▶ DATASET CONTENT:
>>>>

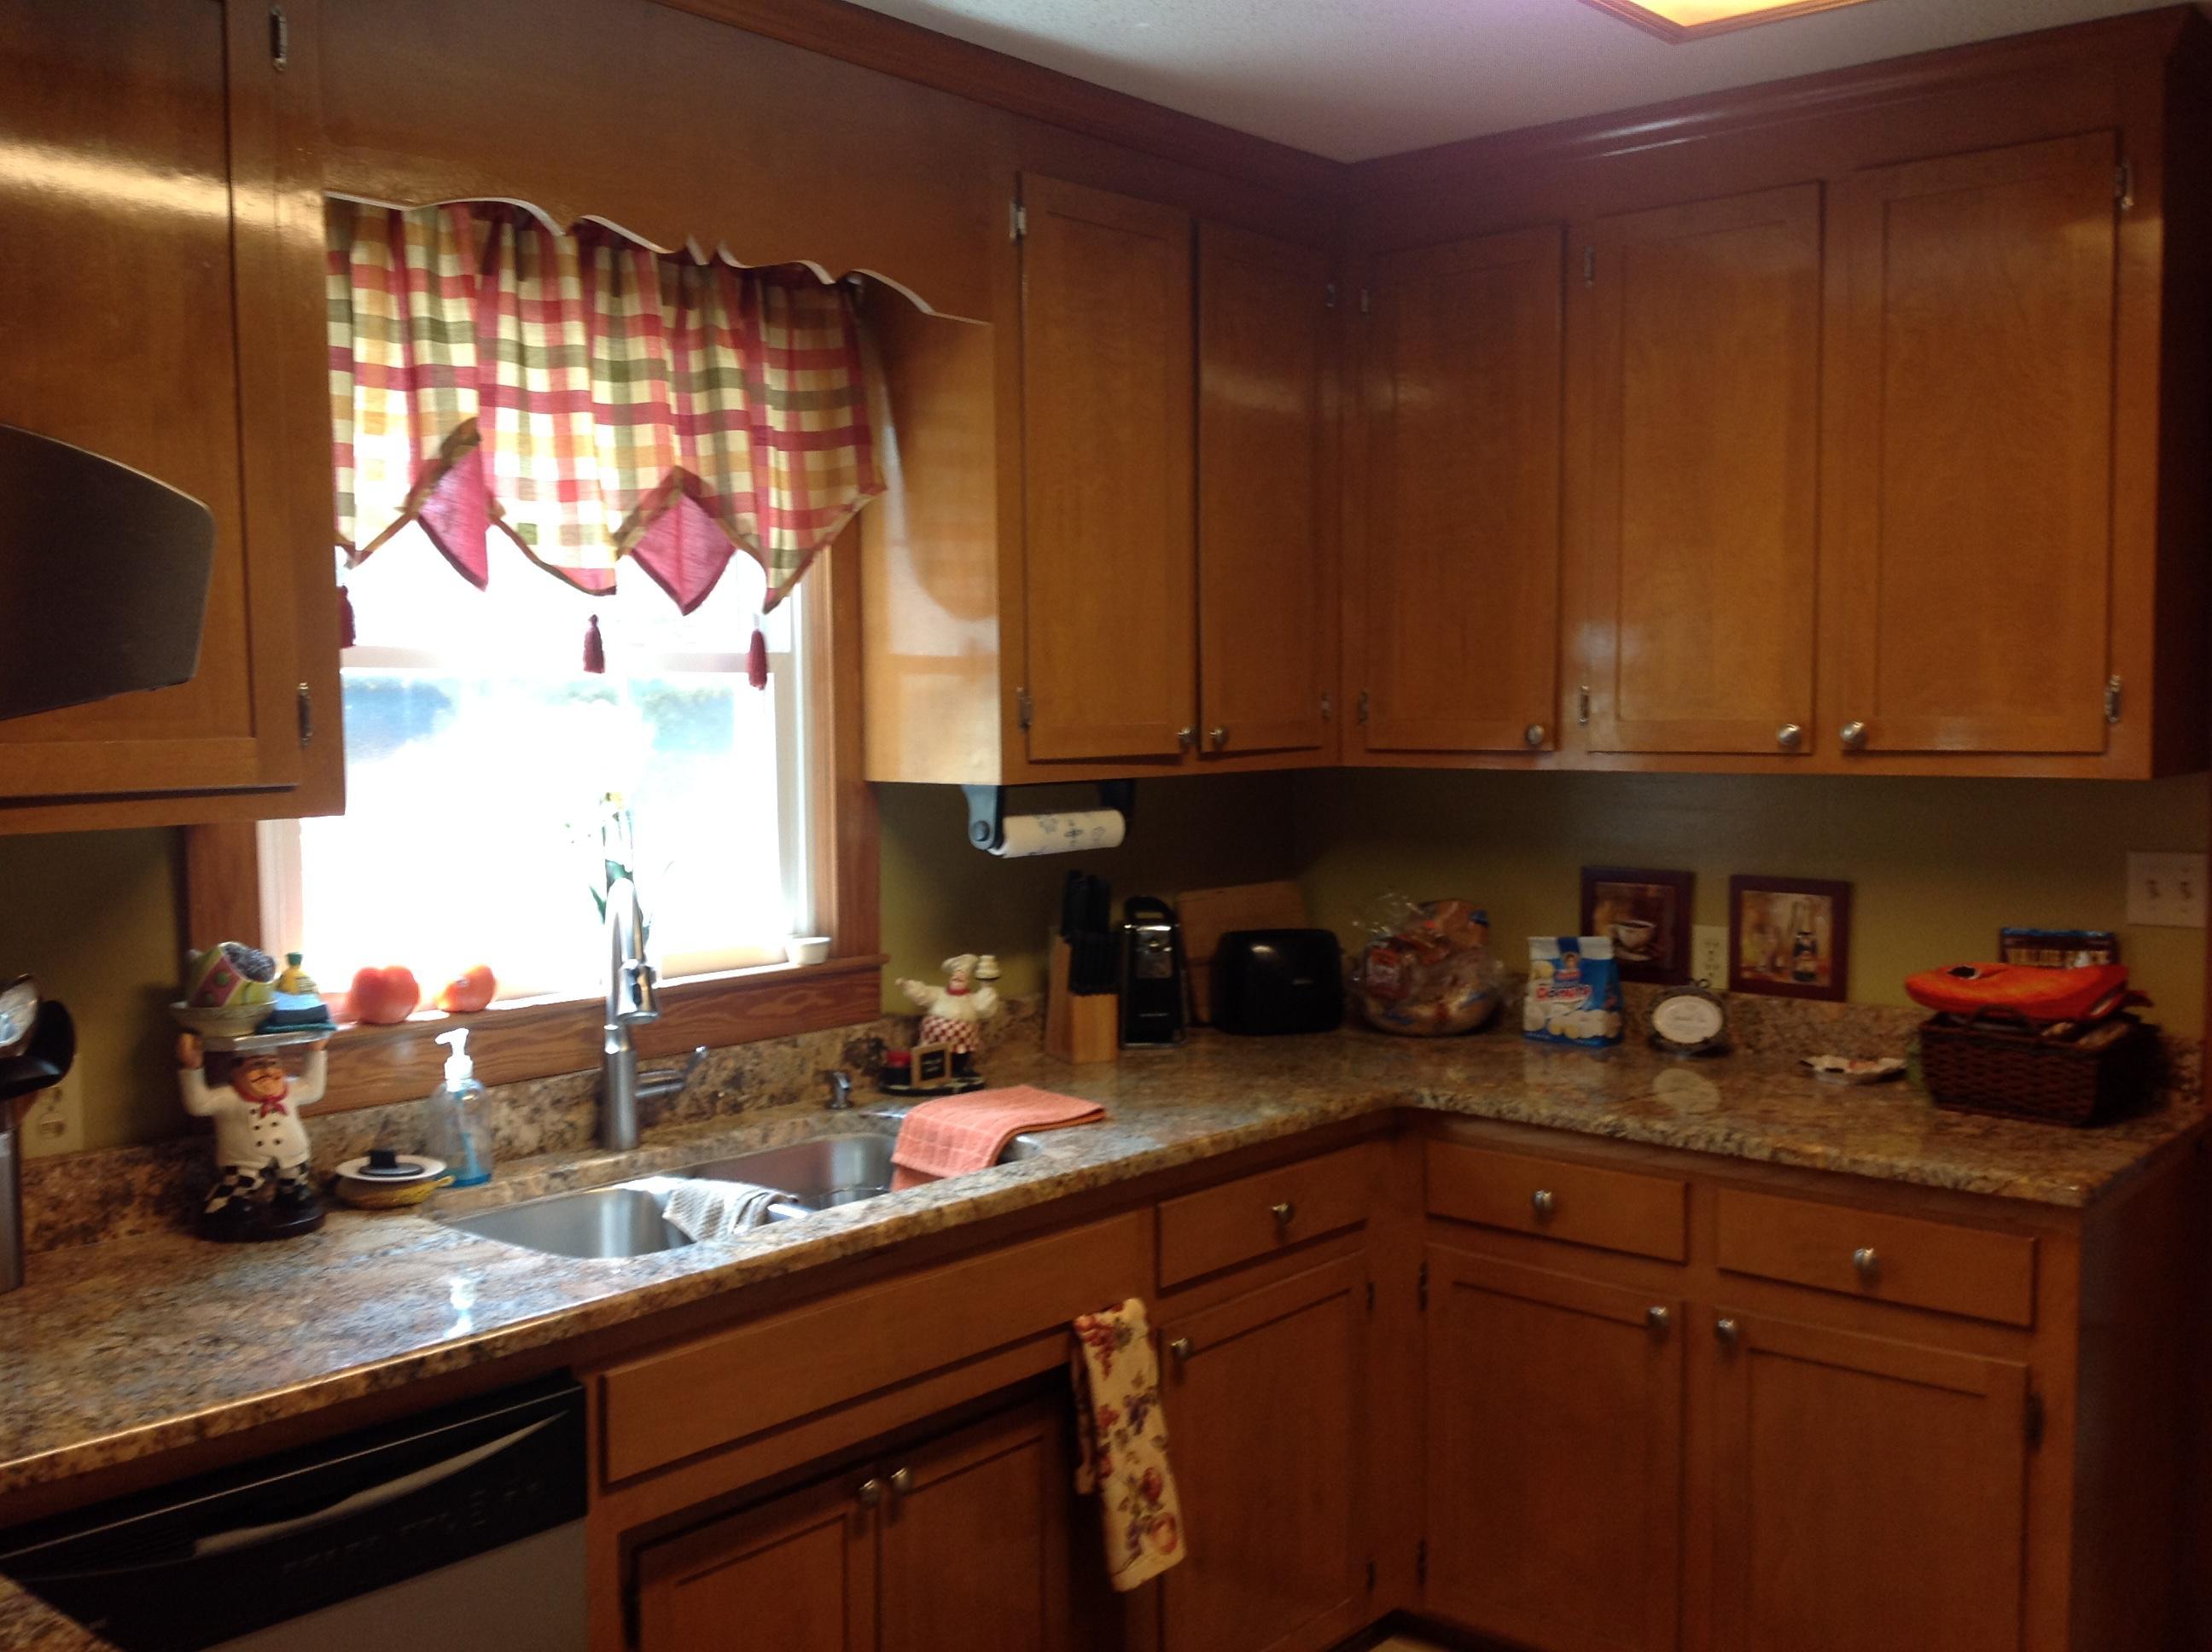 Belvedere II Homes For Sale - 122 Dogwood, Eutawville, SC - 23
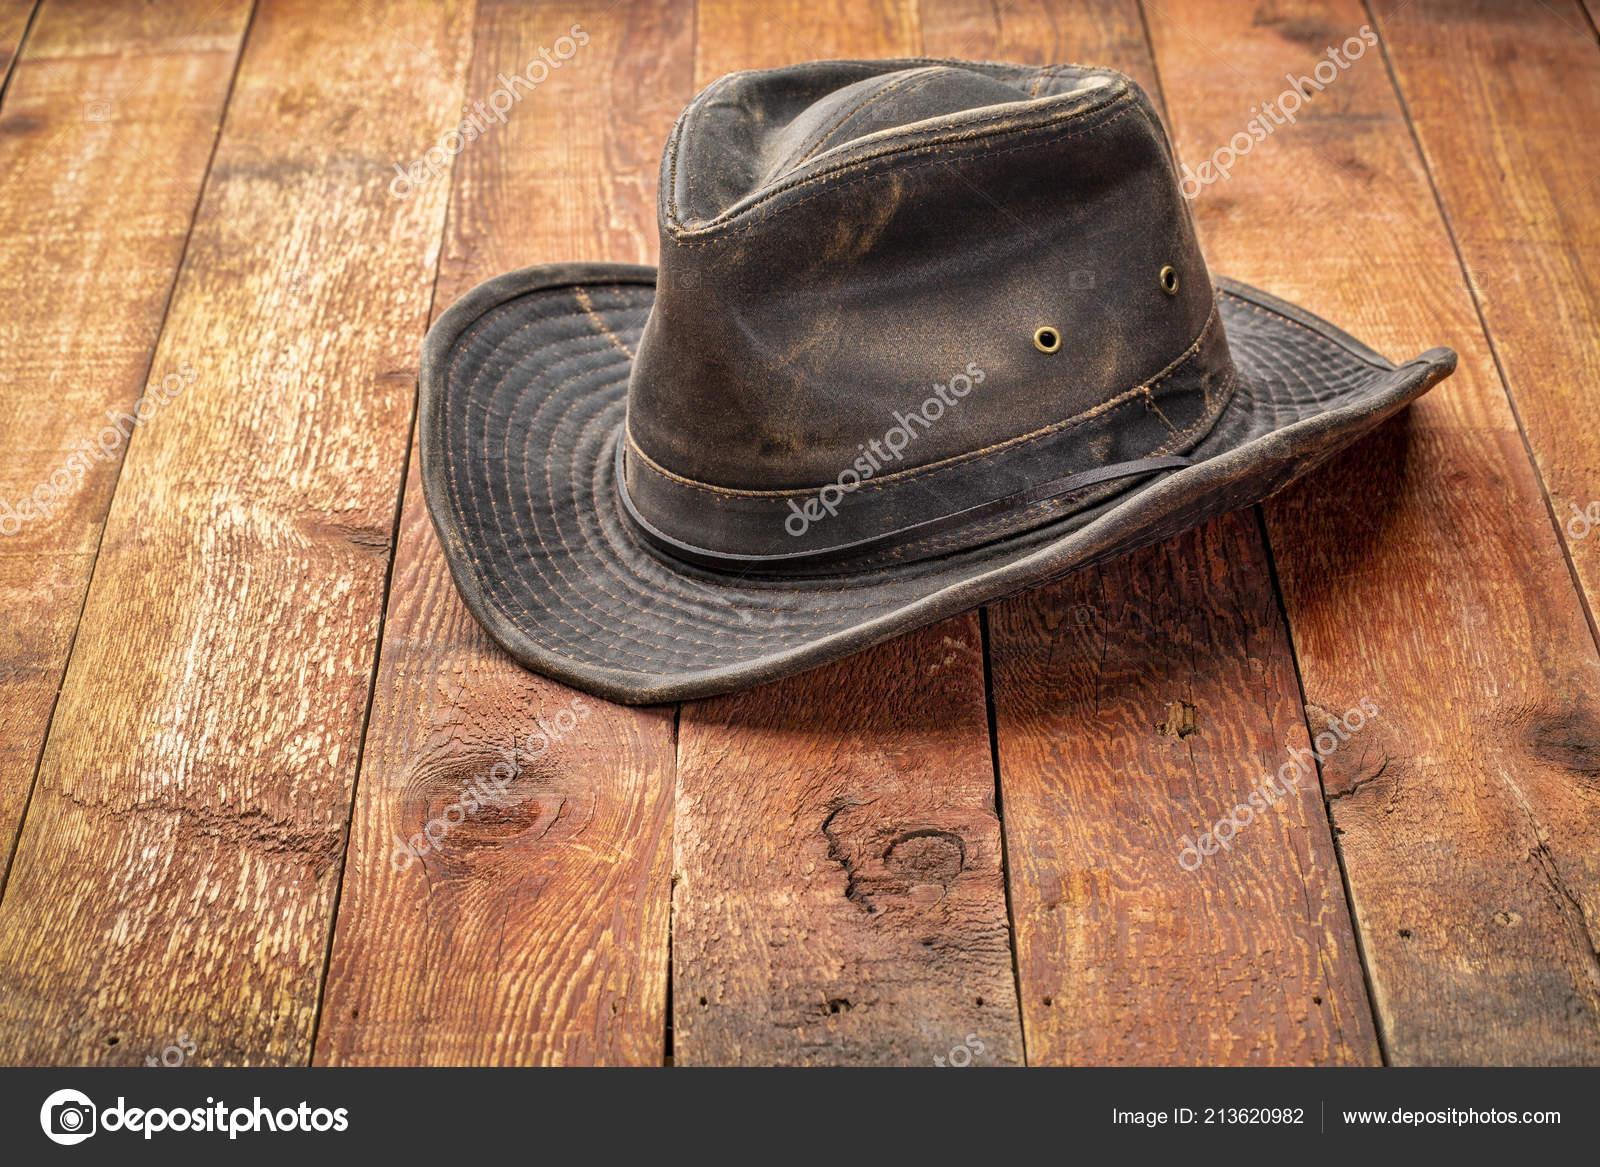 Máquina Sombrero Outback Madera Rústico Granero Rojo — Foto de stock ... 1cec475c1d4
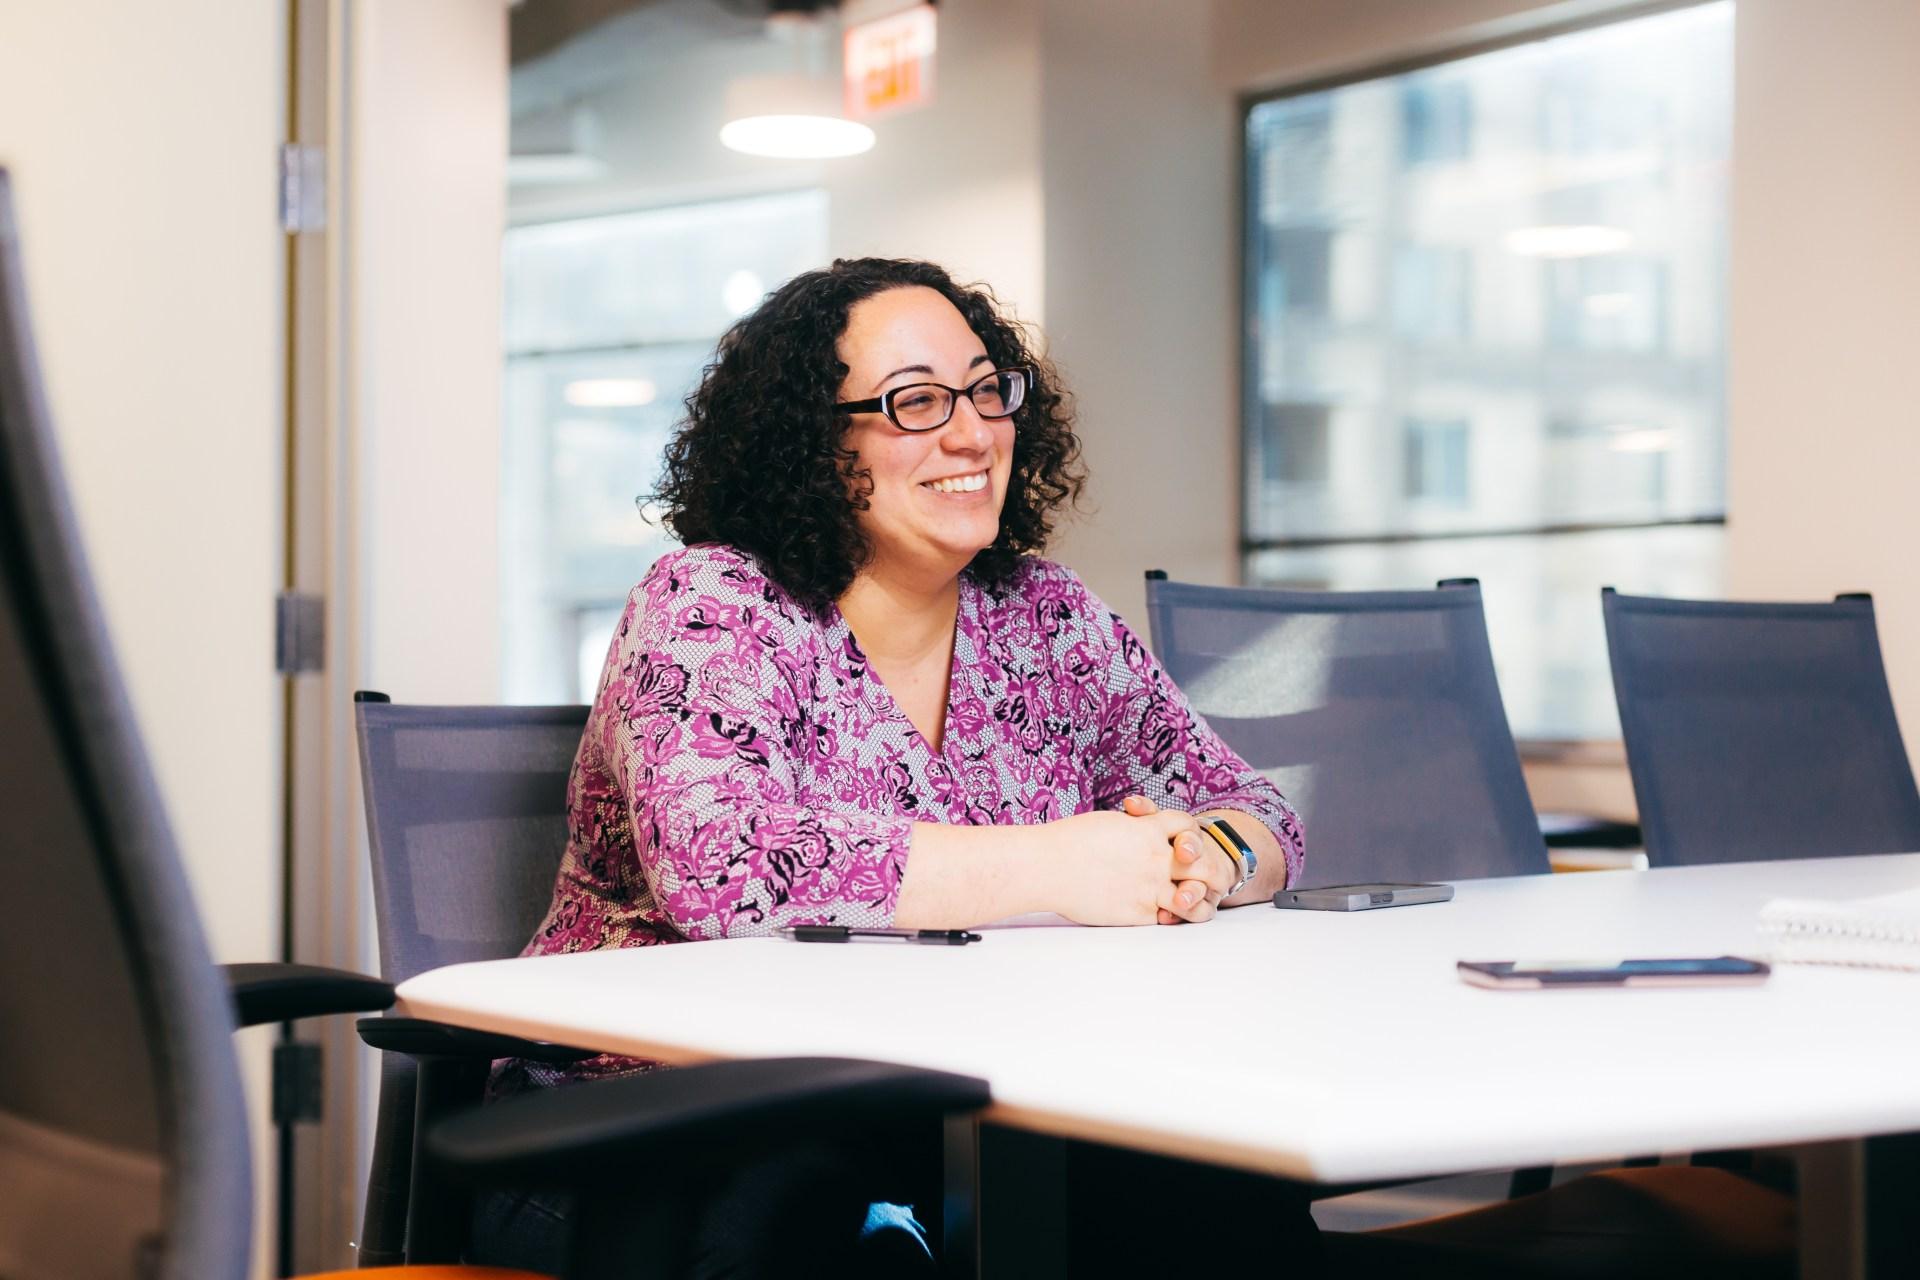 Homesnap Employee Spotlight - Leah Belin
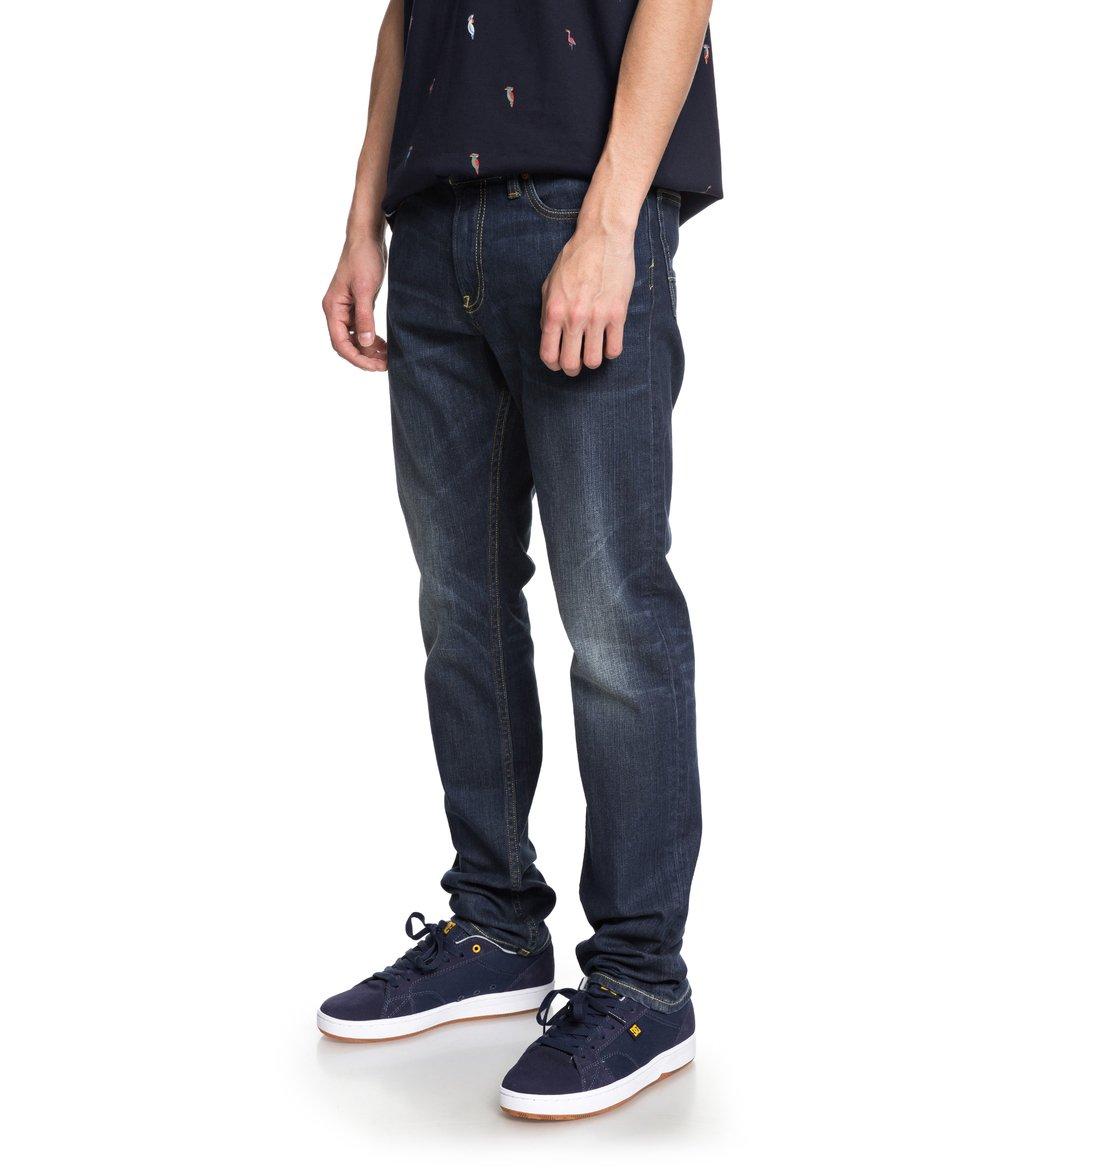 dc shoes Worker Medium Stone - Jeans Vestibilità Slim da Uomo - Blue - DC Shoes

<<<<

▶ WHAT YOU WILL DO: Restate the data above exactly, stripping out each image.

▶ RESPONSE BELOW:
 Belvedere II Homes For Sale - 122 Dogwood, Eutawville, SC - 23
 Máquina Sombrero Outback Madera Rústico Granero Rojo — Foto de stock ... 1cec475c1d4
 Homesnap Employee Spotlight - Leah Belin
 dc shoes Worker Medium Stone - Jeans Vestibilità Slim da Uomo - Blue - DC Shoes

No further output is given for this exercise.